**The problem:** In the data below, one line contains "[Photo] Khai mac" and a later one contains "包括梳妆台、抽屉上方的椭圆形". Print both, with every line between them, exactly and alone.

**Data to examine:**
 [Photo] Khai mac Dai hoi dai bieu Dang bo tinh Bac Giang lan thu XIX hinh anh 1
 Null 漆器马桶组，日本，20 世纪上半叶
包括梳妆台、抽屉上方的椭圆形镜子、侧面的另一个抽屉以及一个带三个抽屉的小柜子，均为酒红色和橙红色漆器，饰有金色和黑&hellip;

* * *

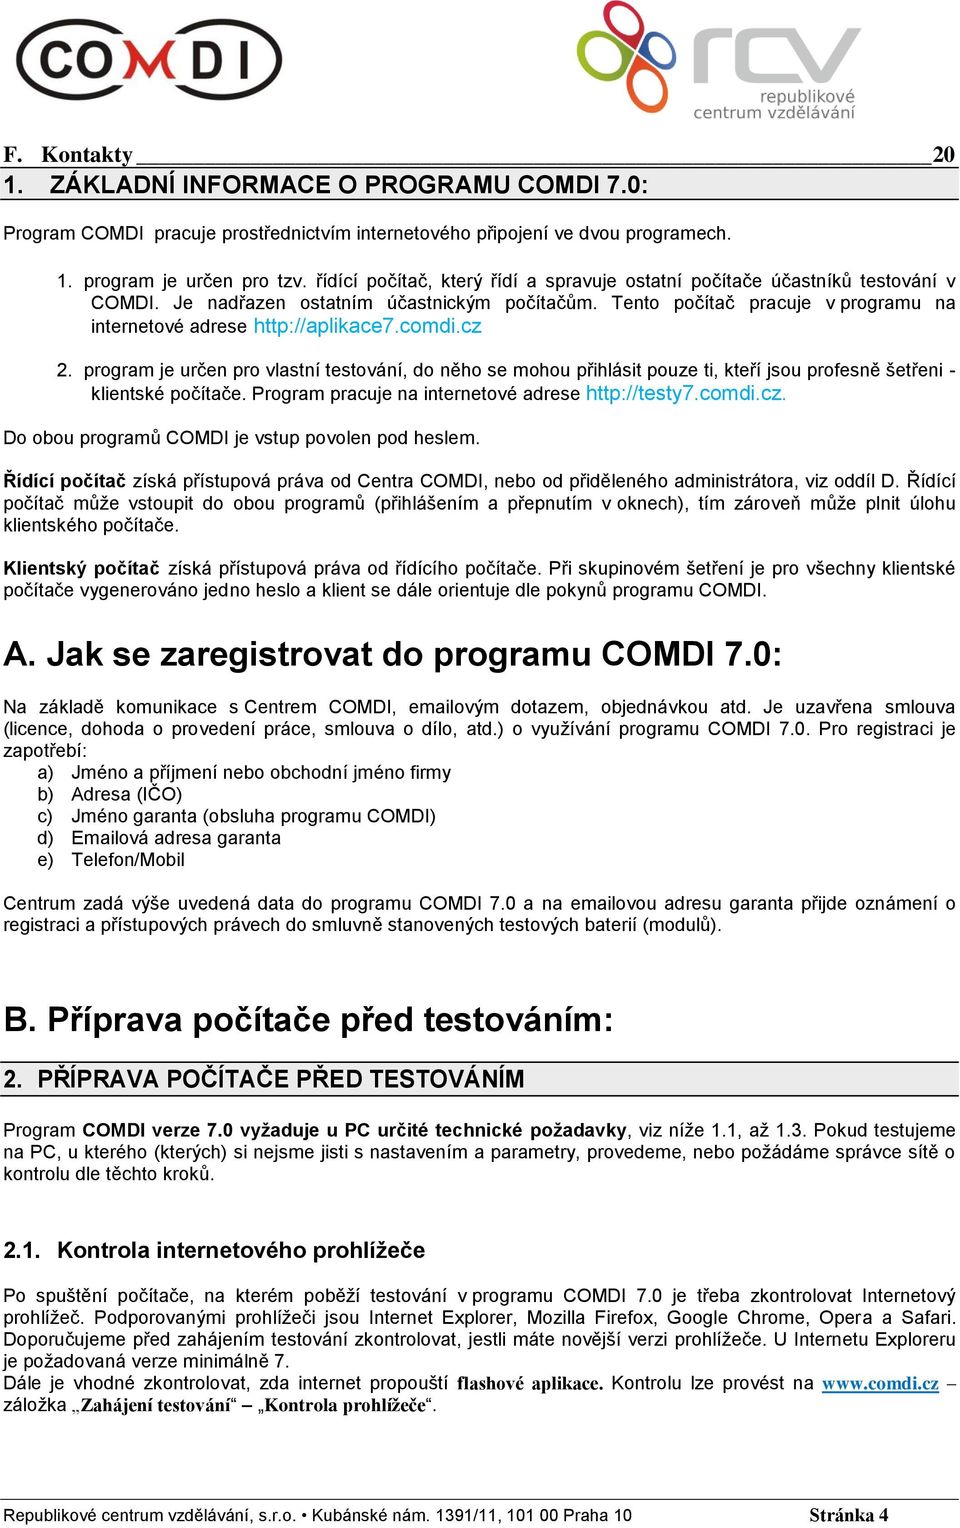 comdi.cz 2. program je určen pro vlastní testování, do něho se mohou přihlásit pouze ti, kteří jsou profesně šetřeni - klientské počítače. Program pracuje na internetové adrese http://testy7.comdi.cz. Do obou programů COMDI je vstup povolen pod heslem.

---

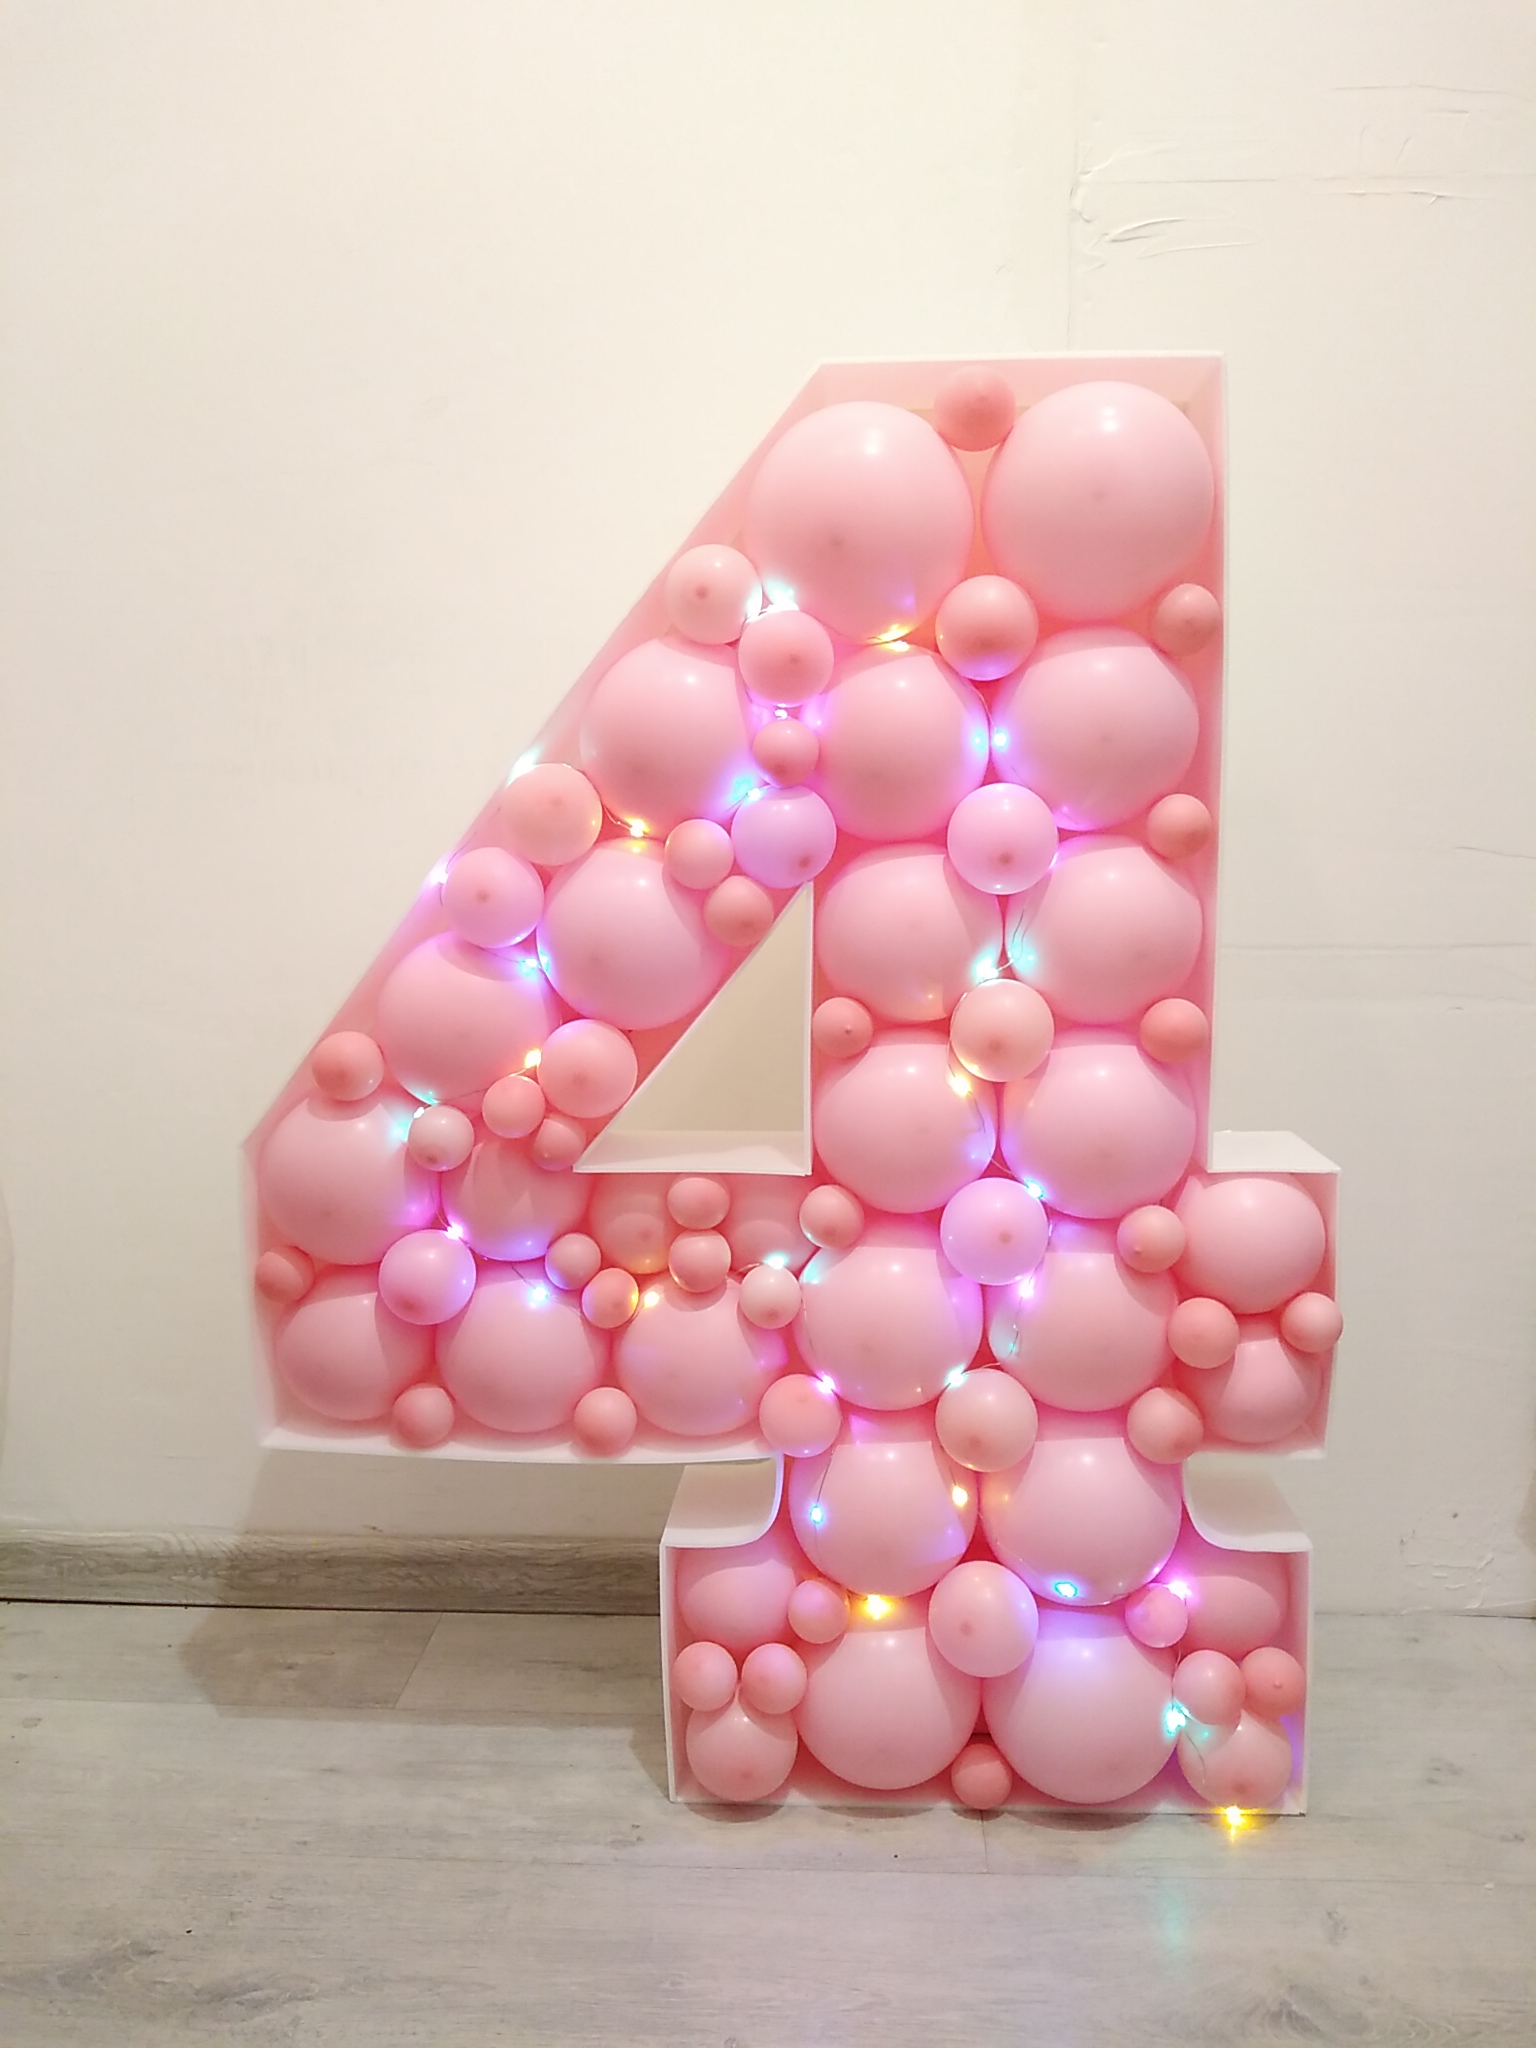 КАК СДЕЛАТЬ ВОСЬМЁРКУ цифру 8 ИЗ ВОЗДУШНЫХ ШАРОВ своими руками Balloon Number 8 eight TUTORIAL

**Solution below:**
 [Photo] Khai mac Dai hoi dai bieu Dang bo tinh Bac Giang lan thu XIX hinh anh 1
 Null 漆器马桶组，日本，20 世纪上半叶
包括梳妆台、抽屉上方的椭圆形镜子、侧面的另一个抽屉以及一个带三个抽屉的小柜子，均为酒红色和橙红色漆器，饰有金色和黑&hellip;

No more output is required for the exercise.